Дядя работал исправно, но все служащие стали замечать, что с ним творится что-то неладное. Иногда в рабочие часы он вдруг начинал рассуждать на какие-нибудь темы, не относящиеся к работе. Иногда он проявлял крайнюю степень раздражительности и потом вдруг делался тихим и молчаливым.
Чрез несколько дней доктор Смирдин осмотрел дядю и нашёл, что больной сильно переутомил мозги и расстроил нервы.
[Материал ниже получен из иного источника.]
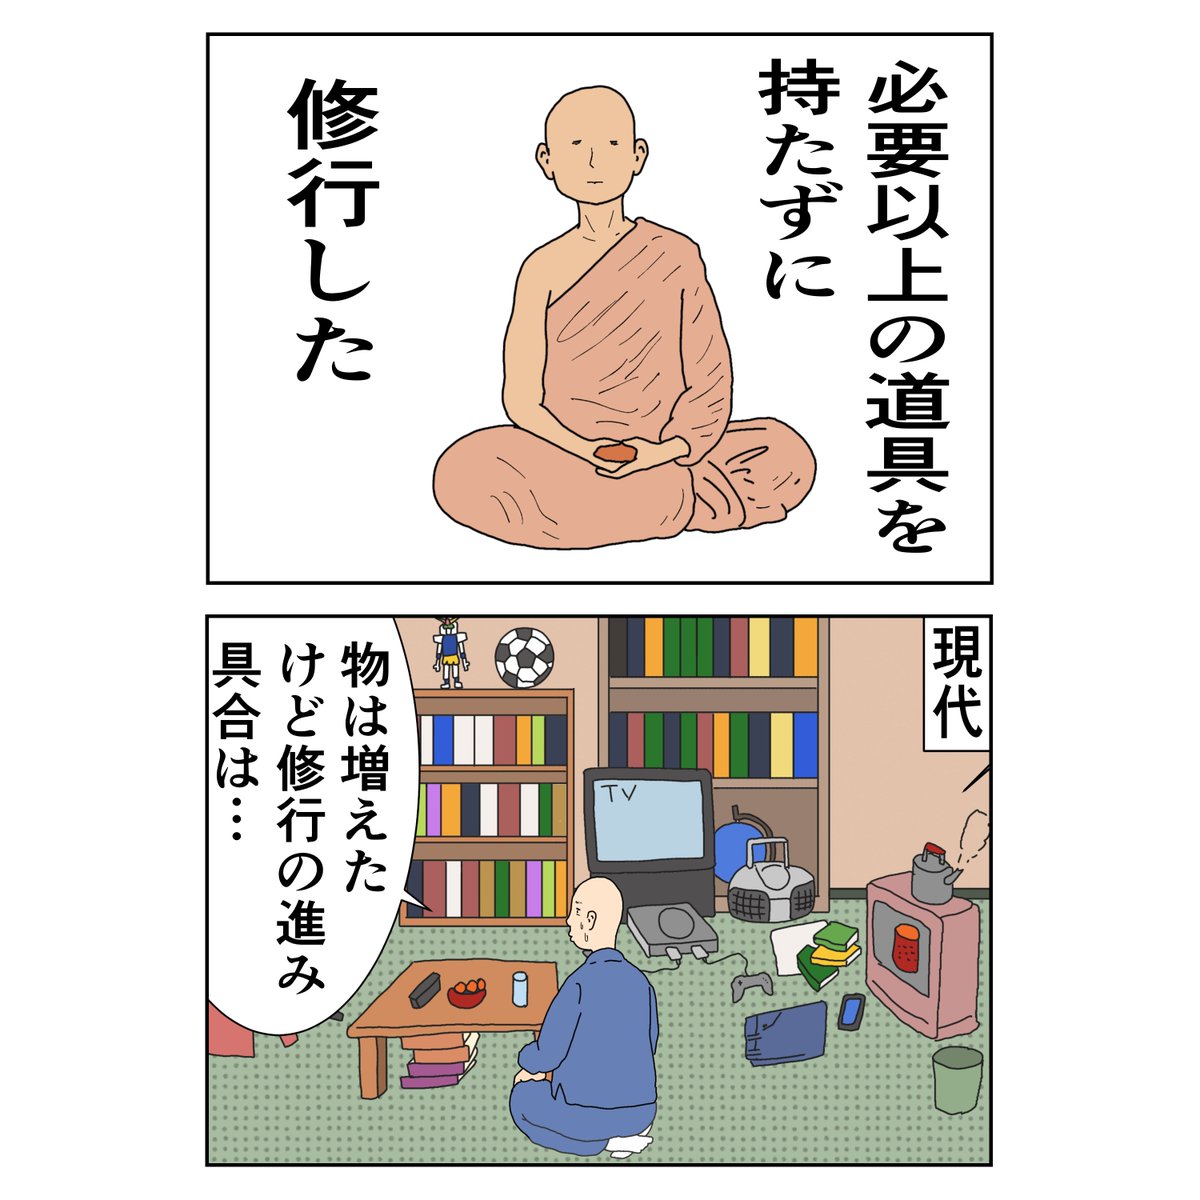 仏教用語を極力4コマで説明する漫画①
#仏教マンガ #4コマ漫画

Для излечения доктор ставил непременным условием месячный или двухмесячный абсолютный отдых для дяди, а потом рекомендовал поехать с ним в Крым или на Кавказ, чтобы новыми впечатлениями рассеять навязчивые идеи, преследующие дядю.
Все мы, наконец, узнали род болезни, и от этого у нас в доме стало ещё тревожней.
Дядя получил новый месячный отпуск на лечение, но от отдыха и прекращения занятий отказался. Большую часть времени он проводил у себя в комнате и писал свои записки об изобретениях. Появляясь среди родных, он по-прежнему философствовал на разные темы и уверял нас всех, что скоро наступит такое время, когда изменится всё, чем мы живём, и этот переворот в жизни сделают новейшие изобретения. При этом большую роль отводил дядя изобретениям воздухоплавательных приборов. Часто он ссылался на роман Уэльса и описывал нам устройство каких-то аэронилей и аэропланов, которые совершенно изменят все условия жизни.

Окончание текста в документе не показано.